The first step then is to dig it out. Starting on this, we find big rock from 2 to 8 inches under the soil. The soil is very dry, and easy to dig out.



At the moment, we will continue just taking the dirt off the top. But we need to decide whether we take the big rock out, or just cover it over, using the big rock as fill. If we take the big rock out, we will need to replace it with smaller rock to fill the space. The easiest answer is to leave the big rock there.

If we remove the big rock, however, we effectively trade the few big rock for lots of smaller rock. The big rock is easier to get rid of than the smaller rock. Plus there may be more dirt under the big rock, so removing it would give us a more stable finished product -- all inert rock and sand, without any shifting clay soil. On the fence side, we can do our cement wall with limestone block on top. I'm not sure what to do next to the raised bed.

A couple of days later ...

It was very easy to take out the big rocks.



The next step was to straighten up the fence side of the trench, to pour the concrete wall and put the limestone blocks on top. We needed to buy more limestone blocks (Whittlesey Landscape Sales, 640 pounds for $51.88). Plus I would need concrete (24 bags of 60 lb. Quik-crete, $56.64 at Home Depot).



As before, I draped some black plastic on the outside, to keep the concrete separate from the dirt on that side.


Then I used a set of 1x4 pieces of wood to keep the masonite form spaced from the black plastic, and poured the concrete in between. I used the bags of cow manure that I've been buying to mix in with the dirt (60 bags so far at 1.40 a bag, from Lowes and Home Depot). to keep the forms in place. I had to take special care around the fence posts.
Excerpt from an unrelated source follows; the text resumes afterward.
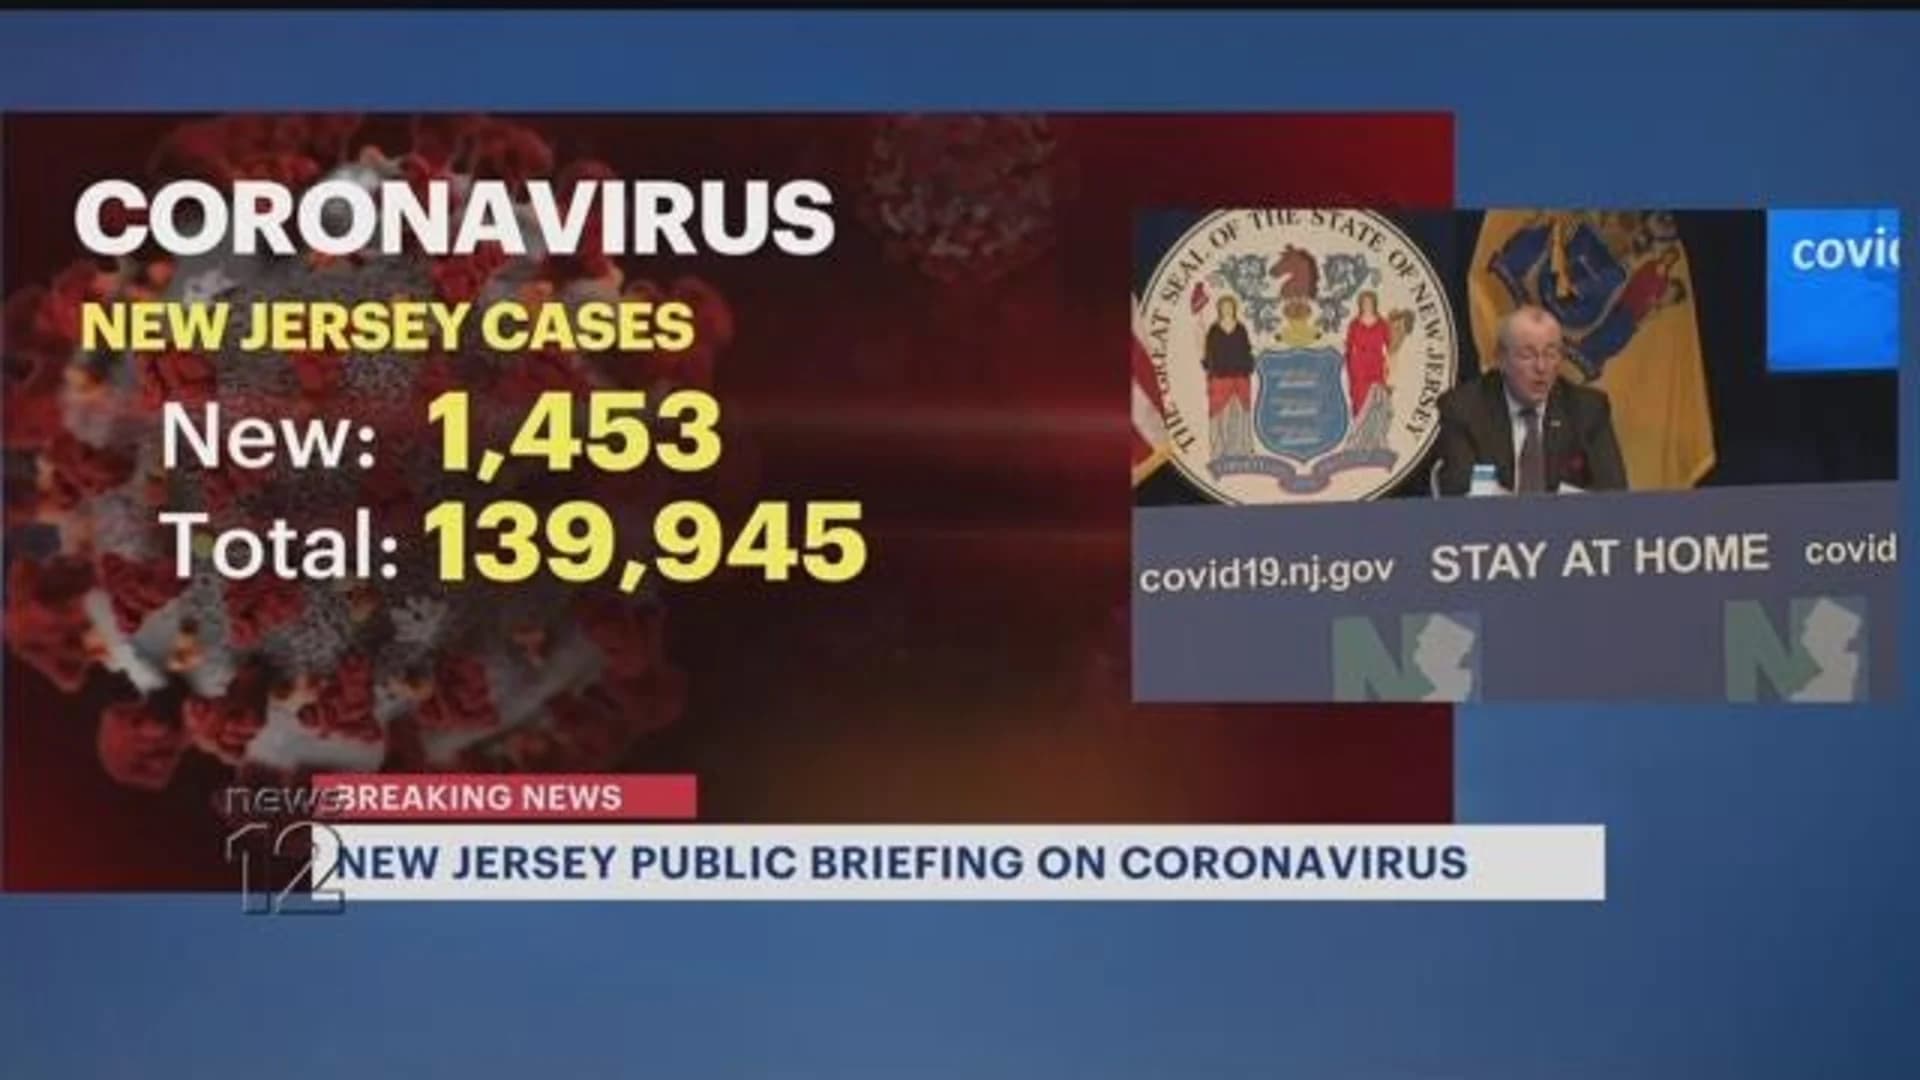 Gov. Murphy: Promising virus data trends mean reopen dates could come soon

And when the forms are removed, we have our wall.



Next, a little mortar and we put the stones on top.



And now we need to clean up the trench, getting it down to rock with both sides straight and clean, so that we can fill it up with rock.
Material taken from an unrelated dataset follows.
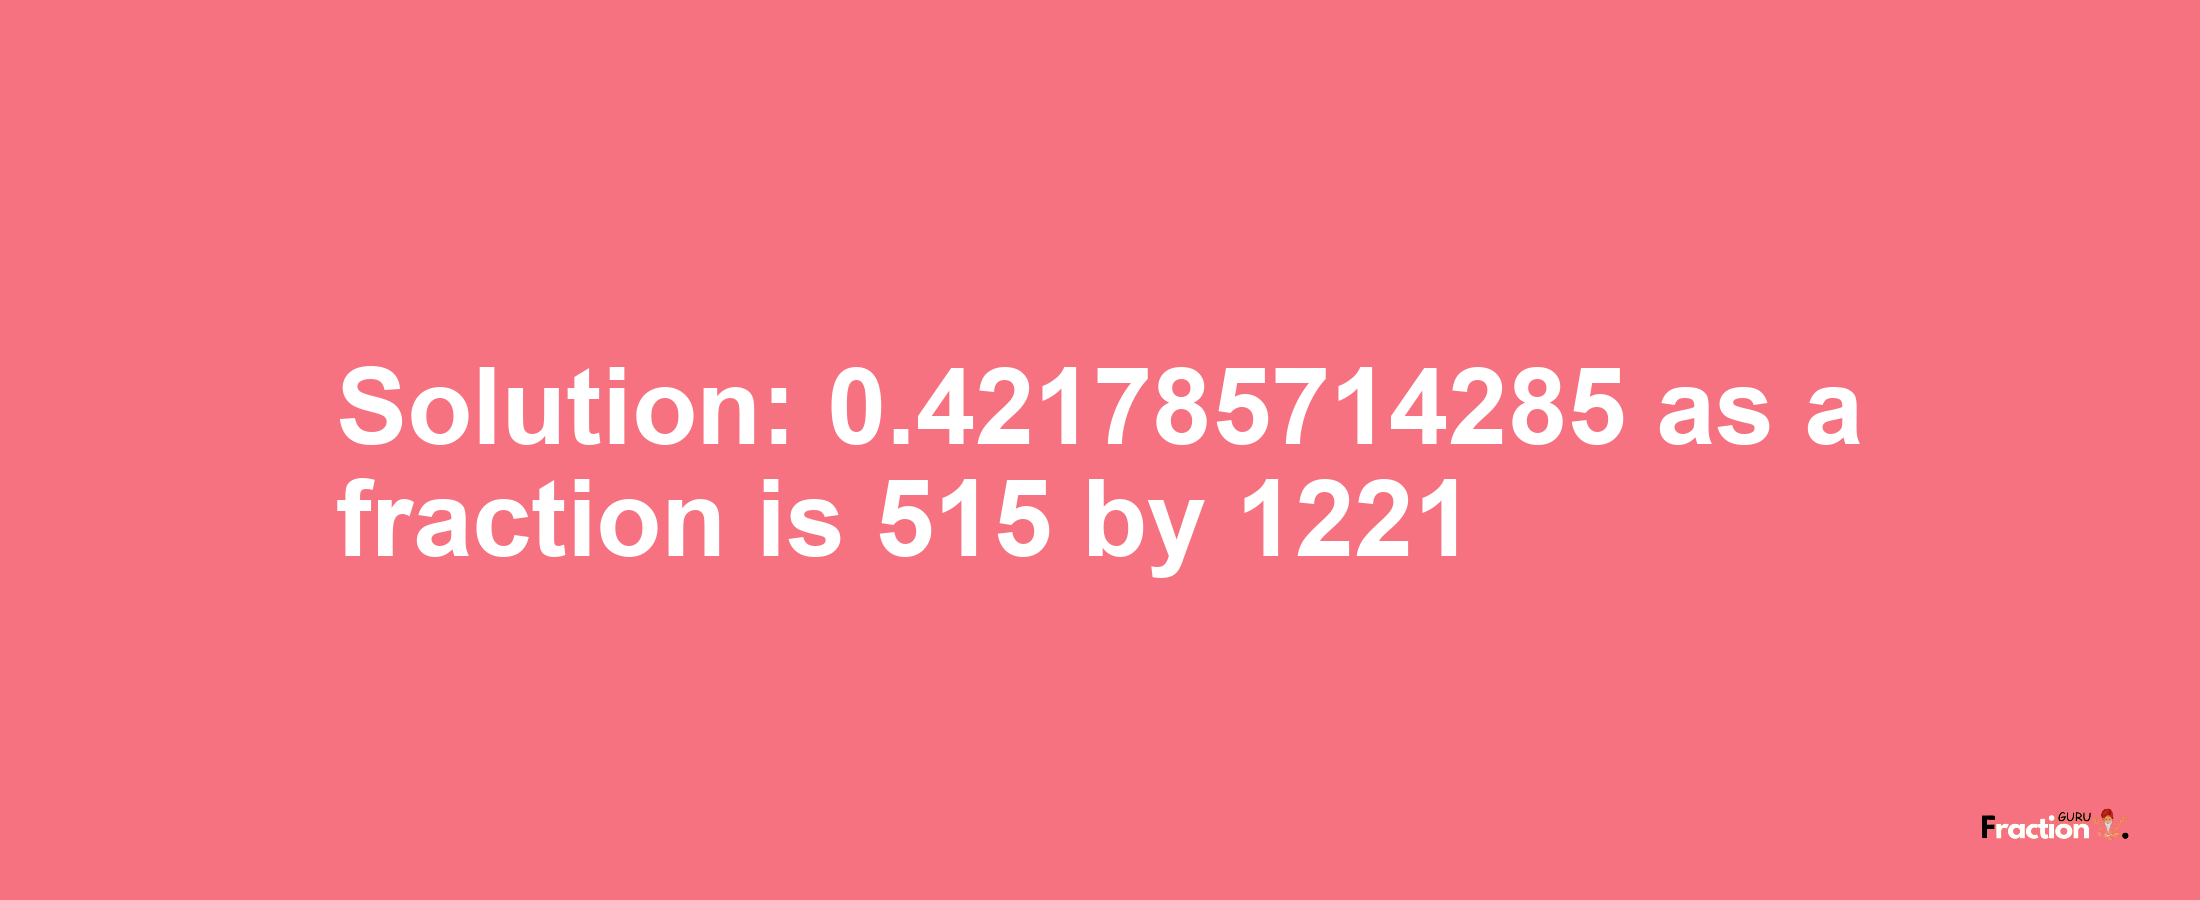 Solution:0.421785714285 as a fraction is 515/1221

The raised bed should be all pretty good dirt, so we want to partition it off from the trench and keep the dirt in/under the raised bed. We will use landscape cloth -- a weed barrier -- as a curtain to separate the dirt from the rock.

Once the weed barrier is in place, we can start filling the trench with the rock that we dug out of both the trench and the north pit. All that rock that we wheel-barrowed out to the driveway now is wheel-barrowed back. While it was on the driveway, we were posting it to Craig's List and so most of the larger pieces are gone; we have apple-size (and smaller) pieces left, which should be good fill.



This cleans off the driveway. We need a bit more rock for fill, and then to cover it with sand and decomposed granite as a base for flagstones.